John Kingrey, executive director of the Minnesota County Attorneys Association, said members are concerned that the bill would take away prosecutors' discretion about how to charge cases.

"The main concern is that here you have an individual who has provided a drug to somebody who is now experiencing an overdose," Kingrey said. "We need to follow that trail up the chain there to find out where those drugs are coming from, and we think this would interfere with that."
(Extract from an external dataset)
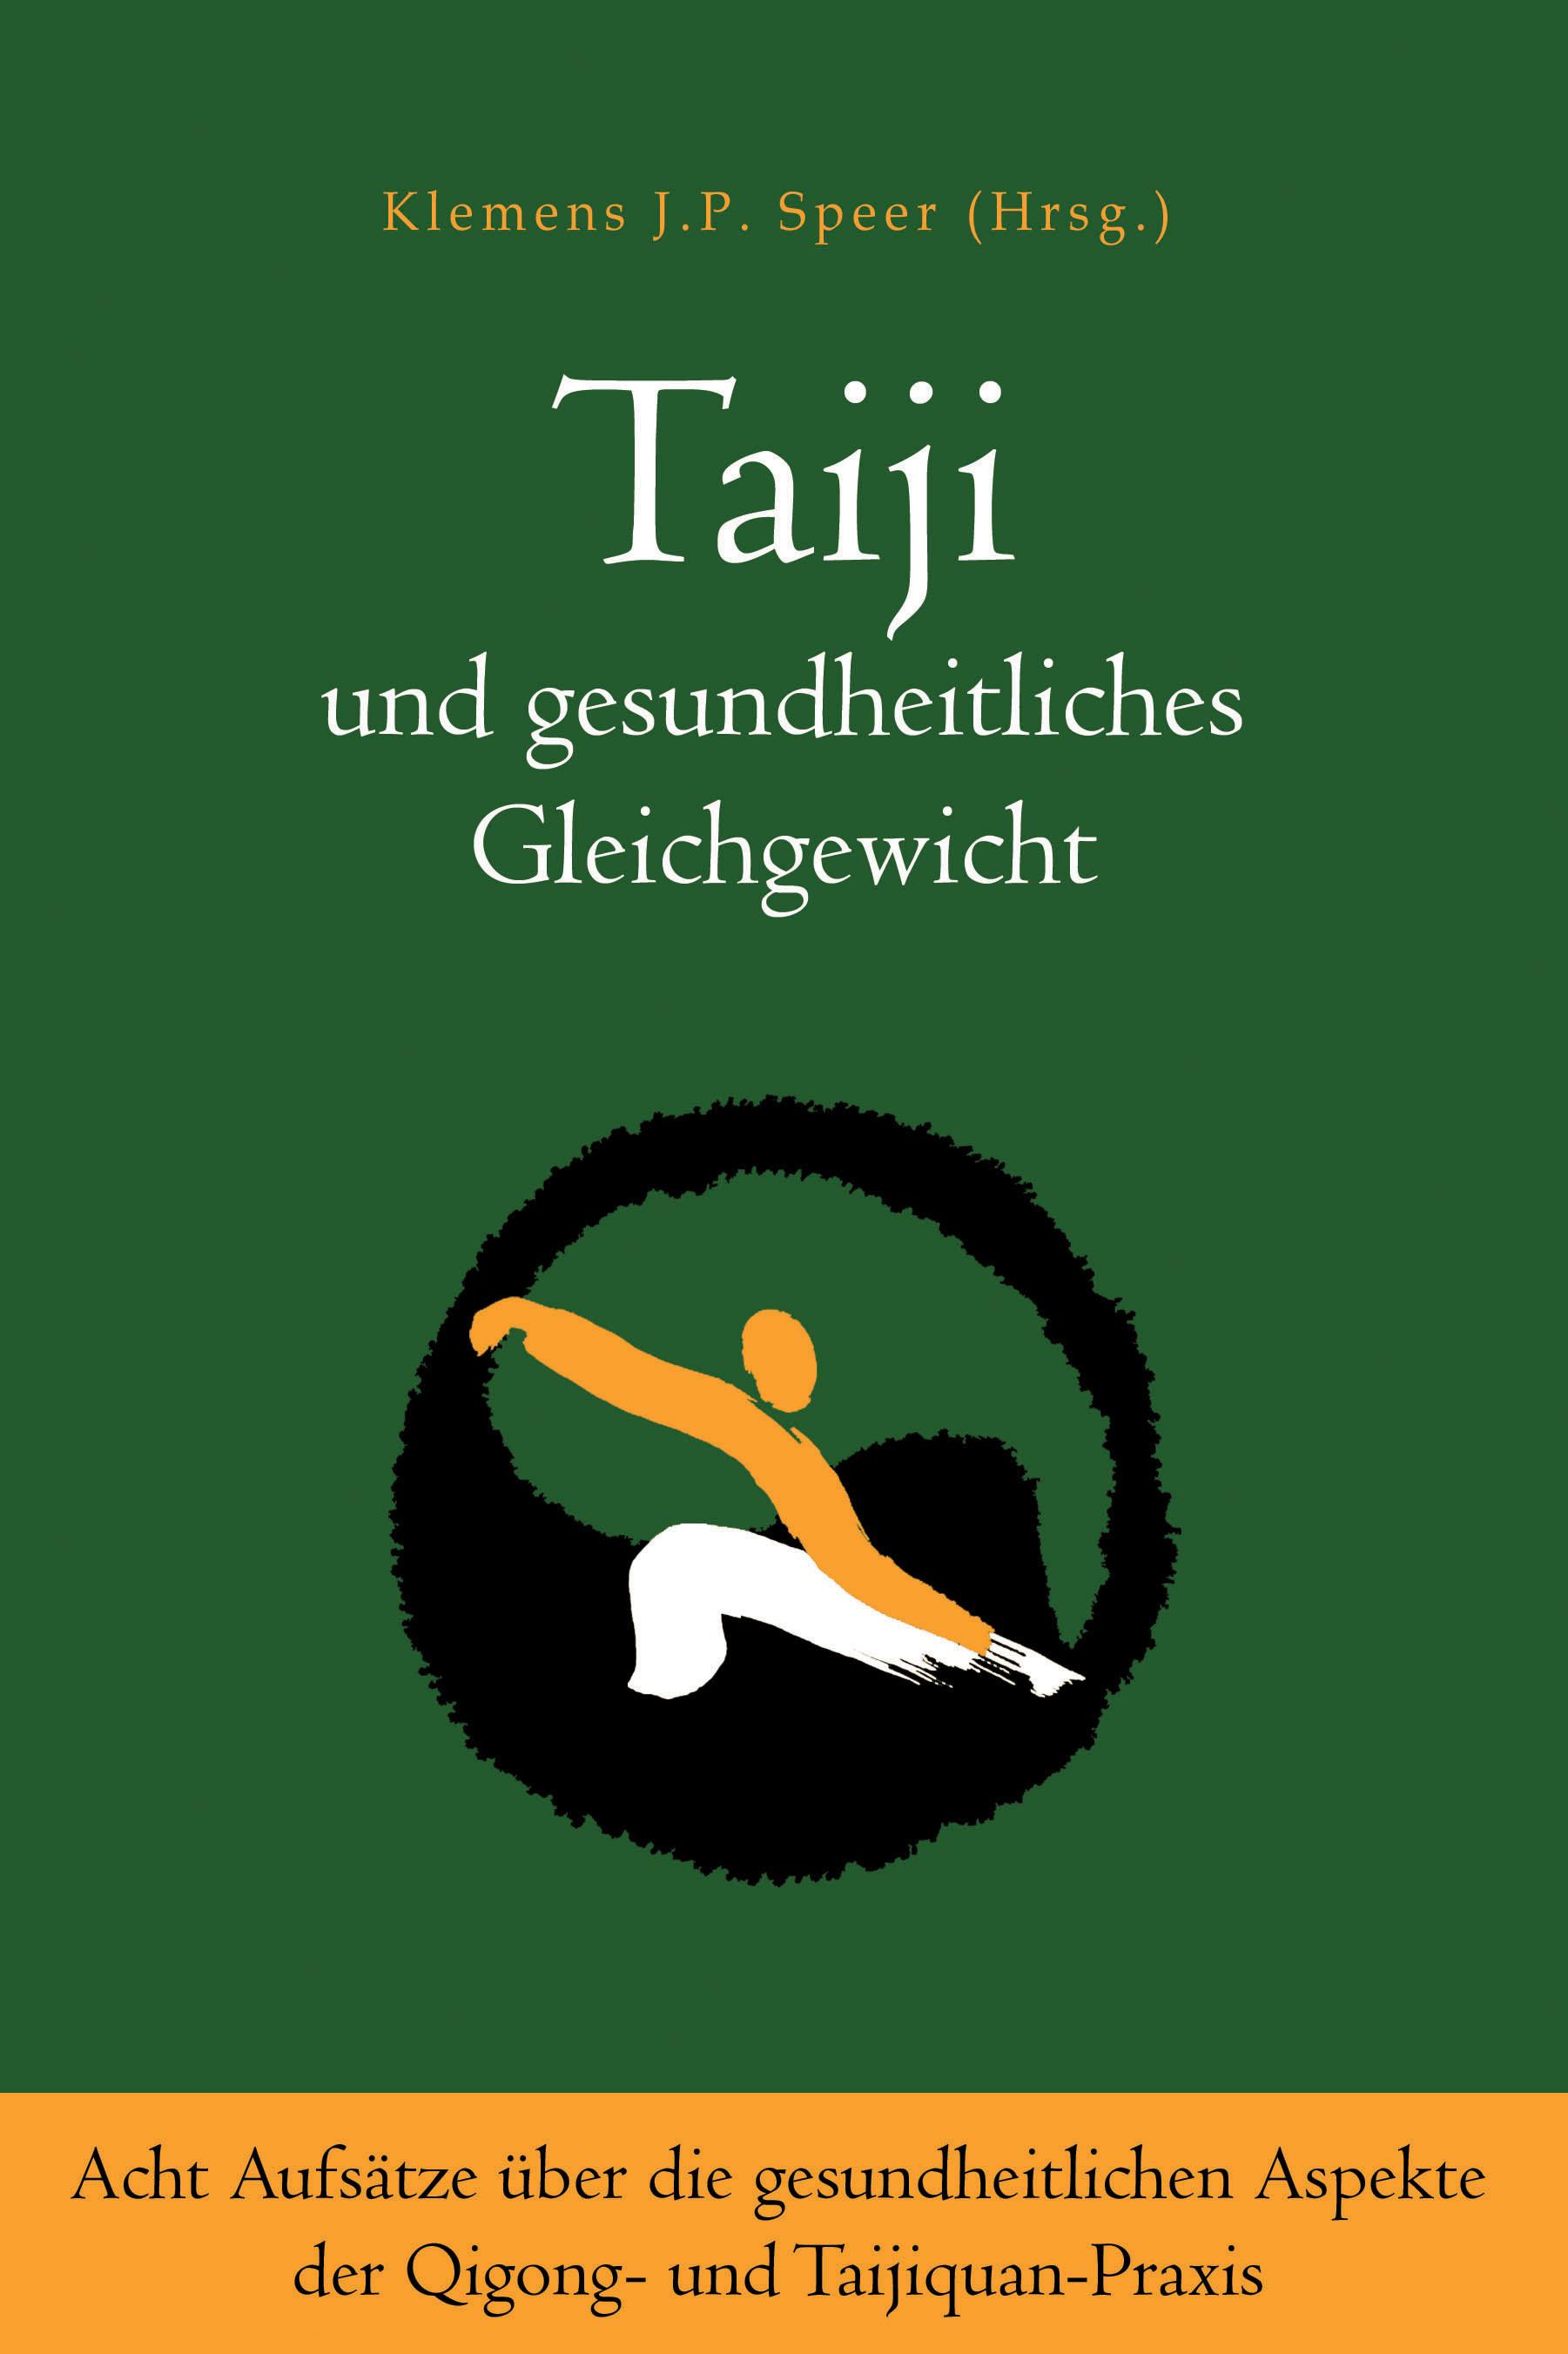 Taiji und gesundheitliches Gleichgewicht: Acht Aufsätze über die gesundheitlichen Aspekte der Qigong

Kingrey said his association does support a provision that reporting an overdose could be considered as a "mitigating factor" in a criminal prosecution. But he said they'd strongly oppose offering blanket immunity and may ask Gov. Mark Dayton to veto the legislation if it makes it to his desk.

The bill's authors have included some language that would limit immunity in cases where evidence of wrongdoing is obtained by an independent source not related to the person seeking medical help for the overdose victim.

Eaton said her daughter was with a friend when she overdosed. After she fell out, the man tried to dispose of the drugs and paraphernalia rather than seeking out help.

"There was no reason for him not to call for help if he didn't have to worry about arrest," Eaton said. "I think if he'd known he was safe that way, he would have called for help, they'd known one another for a long time, and she might be here today."

The immunity portion of the legislation is called "Steve's Law" in honor of Steve Rummler, who died of an opiate overdose in 2011. His fiance, Lexi Reed Holtum, who helped put together the bill through the Steve Rummler Hope Foundation, said the Good Samaritan provisions aren't a get out of jail free card.

"It's about good public health and safety," Holtum said. "What we'll see happen is that people will actually stay with people and call for help when they're in a situation where someone is dying."

The Good Samaritan portion of the bill is backed by the Minnesota Medical Association and the Minnesota Department of Health. It will be discussed Friday in the Senate Judiciary Committee. A House version of the bill has been referred to the Judiciary Housing and Finance Committee.